I want to create a function that can predict the probability that a client will buy again. In other words; I want to get a function, where I can enter a client's last interaction date, last bid date, number of items bought and total value spend and get the probability that they will buy again. 


*

*What should be the first step? (Distribution? CDF?)

*Which model would be the best one to use? 

*Do I need more data? 

*Can I use Excel or R? 

 A: *

*The first step would be to add to your rows $(X_1,X_2,X_3,X_4,X_5)$ the information $Y$ whether there the client with ID $X_1$ came also later than on interaction date $X_2$. This means an inspection of the table.

*Personally, I would use the decomposition of the model in the following way:
$$
f(Y|X_1,X_2,X_3,X_4,X_5)=f(Y|X_2,X_3,X_4,X_5)f(X_2,X_3,X_4,X_5|X_1)
$$
where $f(Y|X_2,X_3,X_4,X_5)$ would be a model of new purchase for general atributes and $f(X_2,X_3,X_4,X_5|X_1)$ would be a model how the general atributes are distributed for the specific customer ID.

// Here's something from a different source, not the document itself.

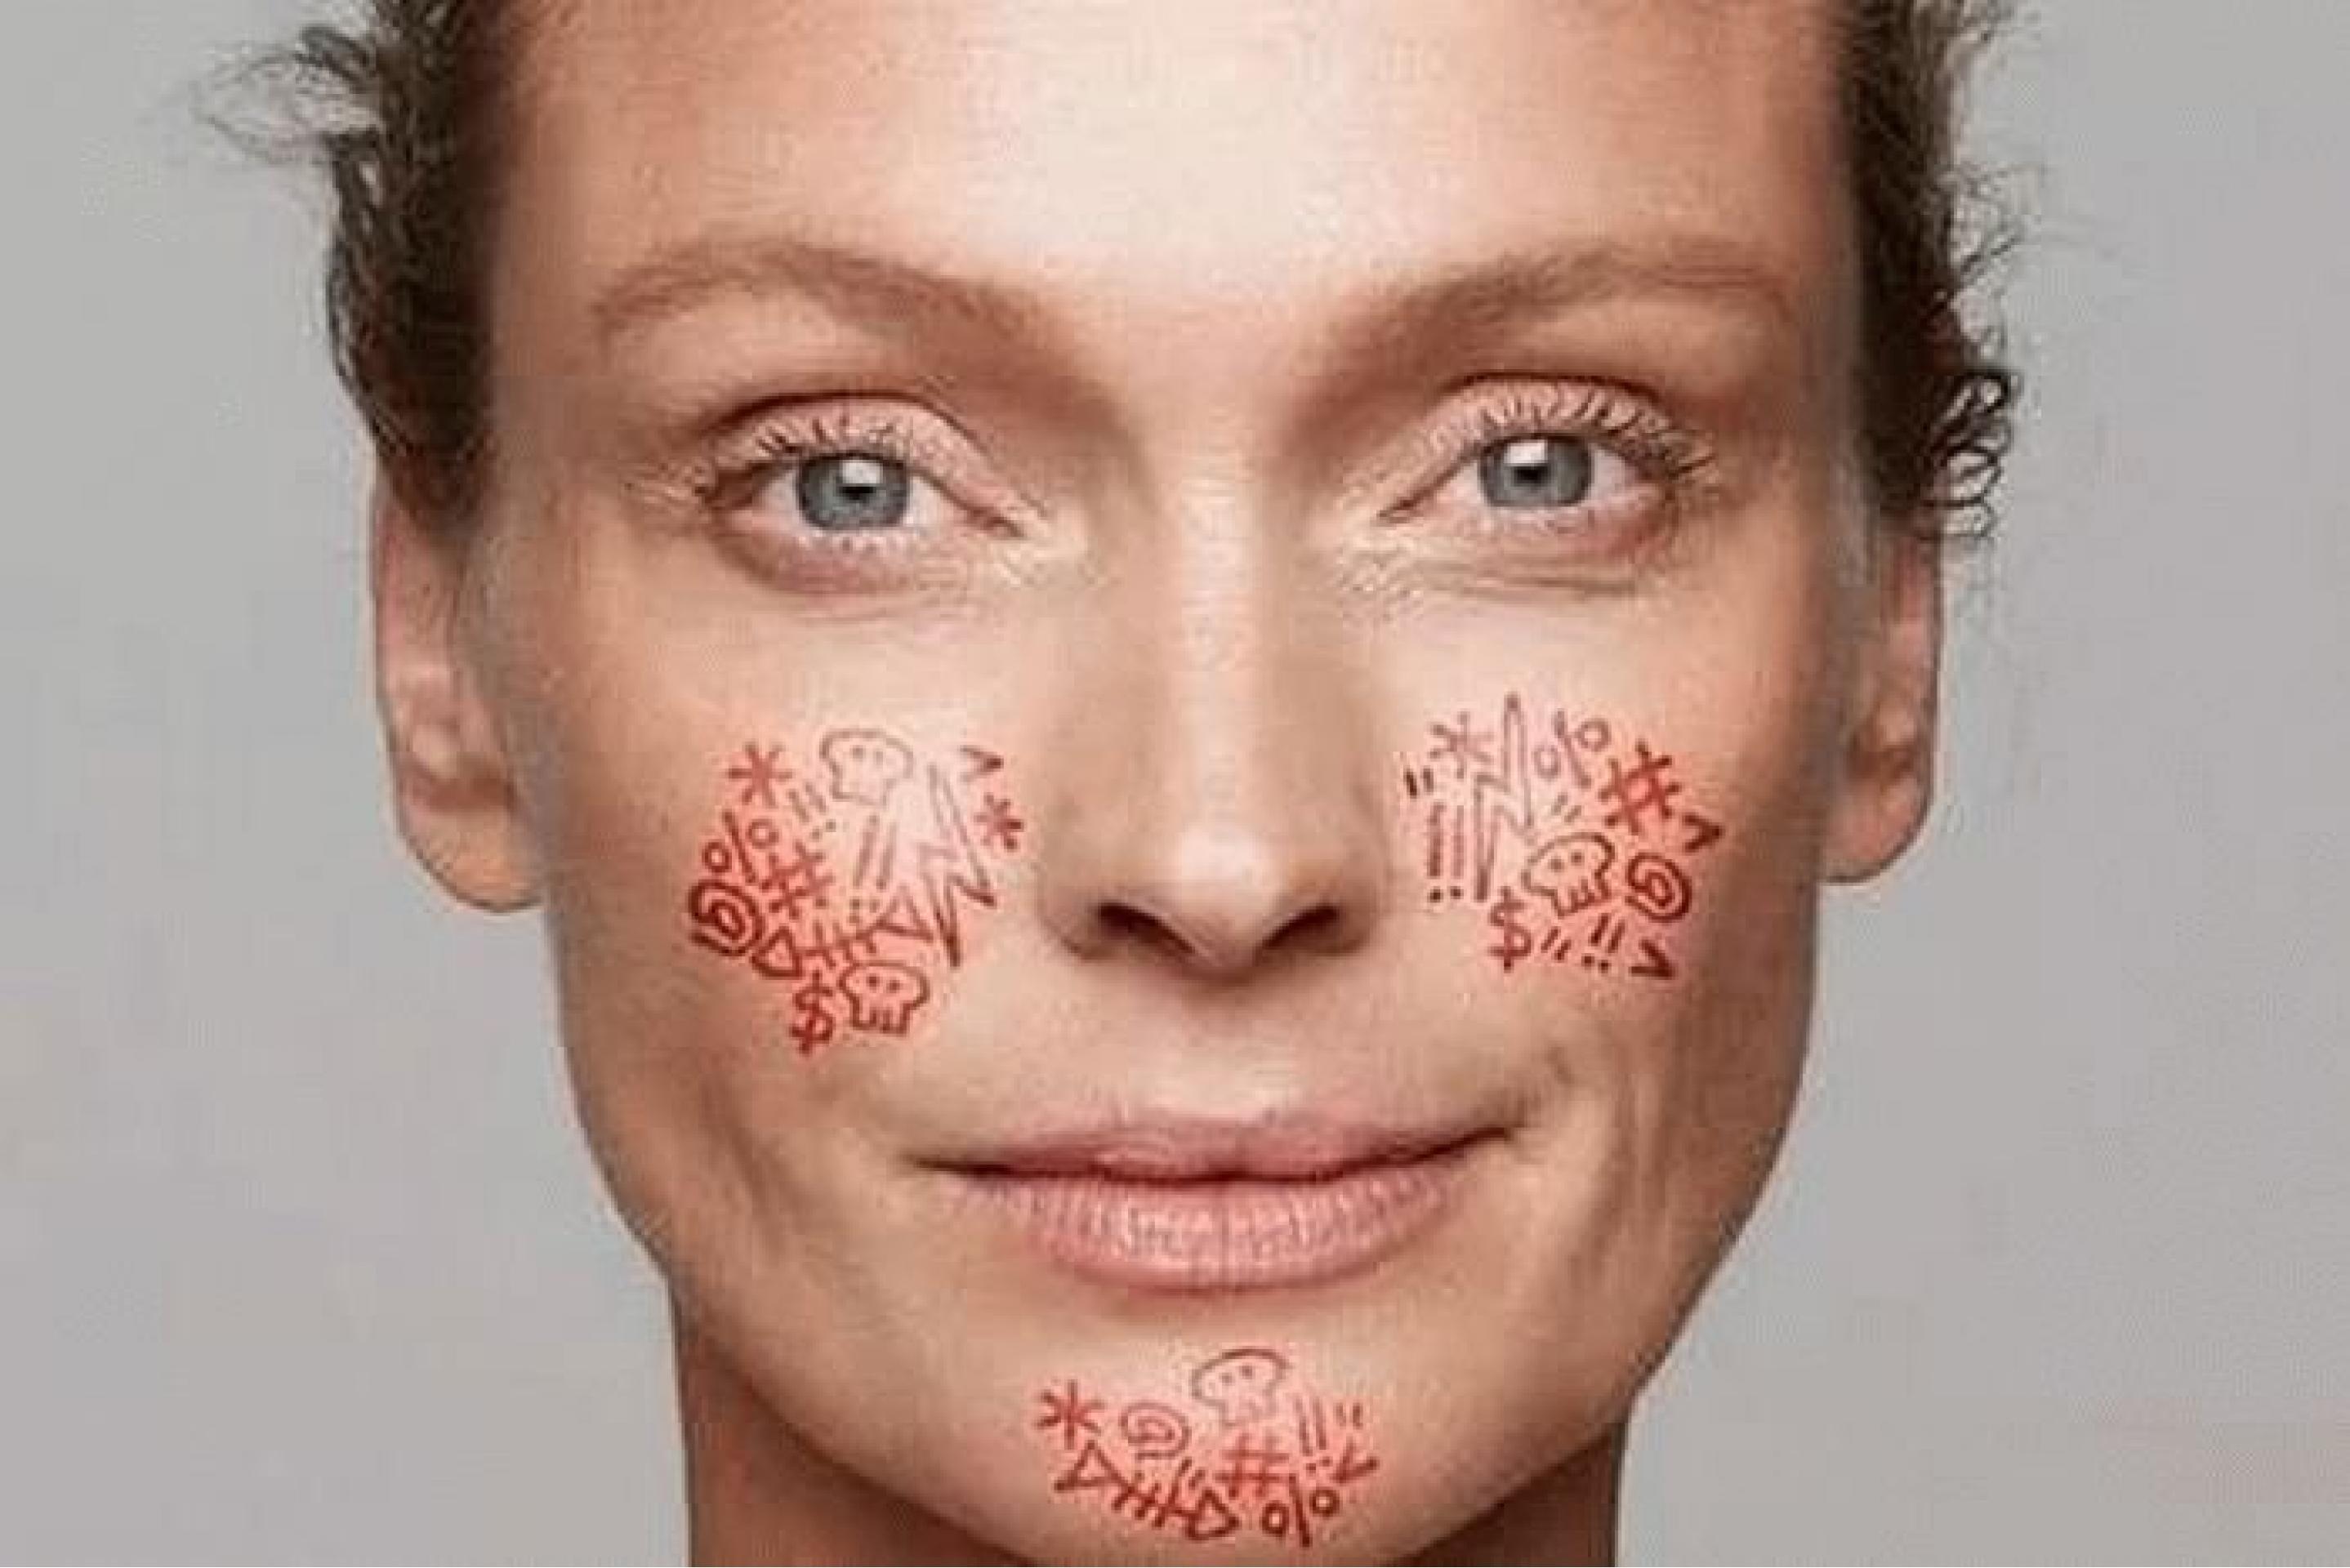 Натуральная косметика для кожи с куперозом: как выбрать и использовать?

*To construct $f(Y|X_2,X_3,X_4,X_5)$, you can use logistic regression, for instance, eventually any other classification technique. For logistic regression in R, see this.

*For the construction of $f(X_2,X_3,X_4,X_5|X_1)$, i.e. typical behavior of the specific customer, I would use Gaussian mixtures that can capture wide class of distribution (for Gaussian mixtures R, see this). Practically, the data for specific ID would be queried. Having that model, the prediction that the buyer will come again is like this
$$
f(Y|X_1) = \iiint f(Y|X_2,X_3,X_4,X_5)f(X_2,X_3,X_4,X_5|X_1)dX_2dX_3dX_4dX_5
$$
the integration could be approximated by some Monte-Carlo method, i.e. sampling from $f(X_2,X_3,X_4,X_5|X_1)$ for given $X_1$ samples $(X_2^{k},X_3^{k},X_4^{k},X_5^{k})$ where $k=1,\dots,K$ and then summing
$$
f(Y|X_1) = \frac{1}{K}\sum_{k=1}^K f(Y|X_2^{k},X_3^{k},X_4^{k}, X_5^{k})
$$
Practically, this would mean substitution of the samples into the logistic model and calculation average for given customer ID. This is the number you are looking for.

*Instead of constructing $f(X_2,X_3,X_4,X_5|X_1)$ and sampling, you can use simply the measurements you have for the given customer ID and substitute them into the sum above. This approach will be more reasonable when you do not have too many data for given customer ID.